Israeli Supreme Court upholds Mizrahi Tefahot’s decision not to transfer Roman Abramovich’s donation to ZAKA:

On December 19, 2023, Israeli bank, Mizrahi Tefahot, refused a request to transfer a donation of 8 million NIS from Mr. Roman Abramovich to Israeli humanitarian organization, ZAKA, due to the bank’s exposure to risks stemming from Abramovich being designated on EU and UK sanction lists. In January, the Tel Aviv District Court ruled in favor of Abramovich and ordered transferring the funds noting the humanitarian need and requiring the bank to adopt a more nuanced approach to sanctions compliance. On April 2, 2024, the Israeli Supreme Court overturned the district court’s decision. The Supreme Court took a more conservative approach to sanctions compliance and pointed to the guidelines issued by the Bank of Israel, including guidelines issued after the invasion of Ukraine, requiring banks to manage international sanctions risks. The court noted the potential damage to the bank in acting contrary to EU and UK sanctions regimes, especially as no clear exemption exists for the humanitarian donation.
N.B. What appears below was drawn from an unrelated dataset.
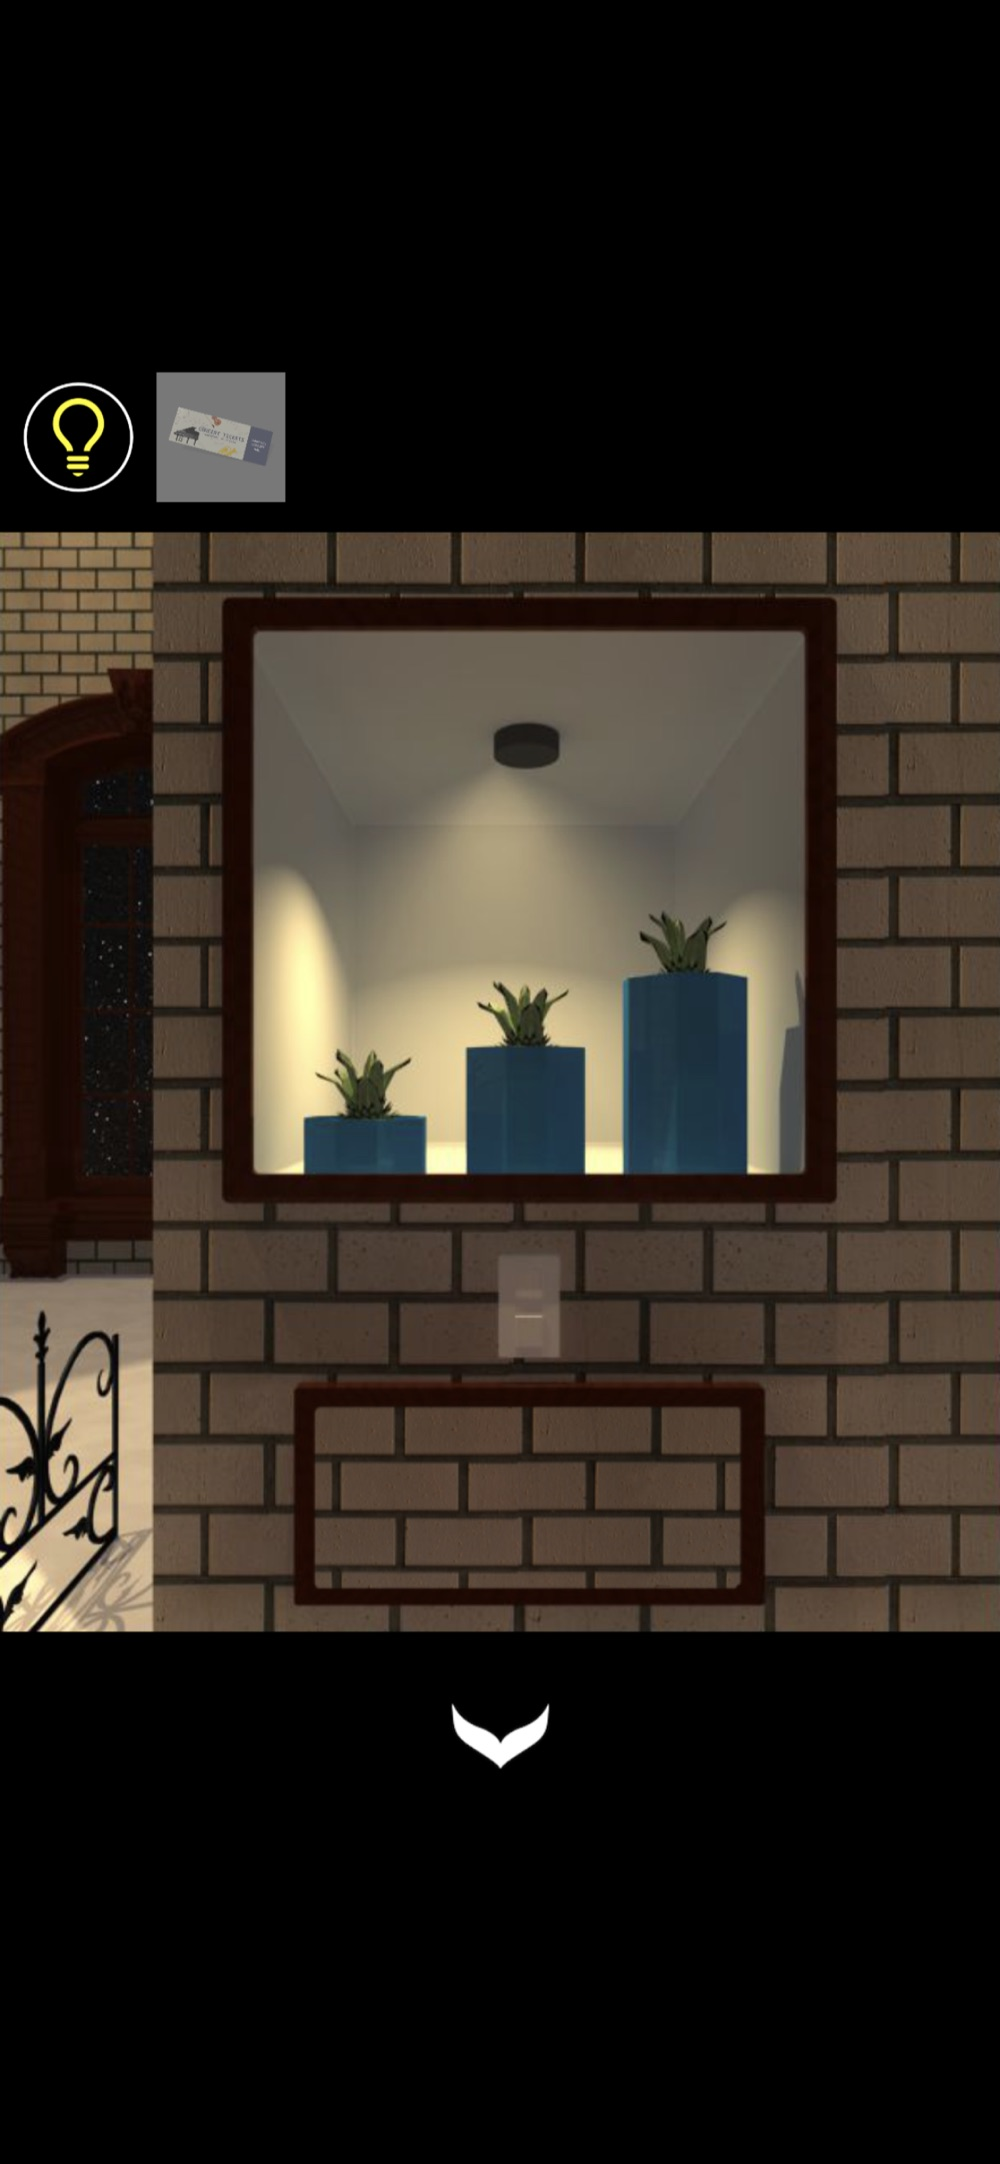 Prison Games - Escape Rooms hack tool

DECA enforcement event against Israeli Exporter:

In June 2024, the Israeli Defense Export Controls Agency (DECA) announced an enforcement event against a licensed exporter who sold systems with capabilities not listed in the system’s Product I.D. and funded by IMOD. The exporter has received an export license for the sale, but the license had been based on a Product I.D. of an earlier version of the system which had not included the additional new capabilities.  DECA highlights that exporters are responsible for ensuring that a product’s registration (Product I.D.) is updated in line with the product’s capabilities and classifications. The announcement also notes, as a mitigating factor,  that the exporter updated their internal compliance efforts and presented to its staff an investigation into the matter. Due to the exporter’s stellar compliance record and performance of remedial activities,  DECA decided not to give the company a penalty.  

This client update highlights certain developments in the field of international trade that can assist in meeting compliance requirements. It does not review all the updates that took effect in 2024 and is not intended to provide a comprehensive summary.  This client update provides general information, and may not be relied upon in any particular situation without additional legal advice.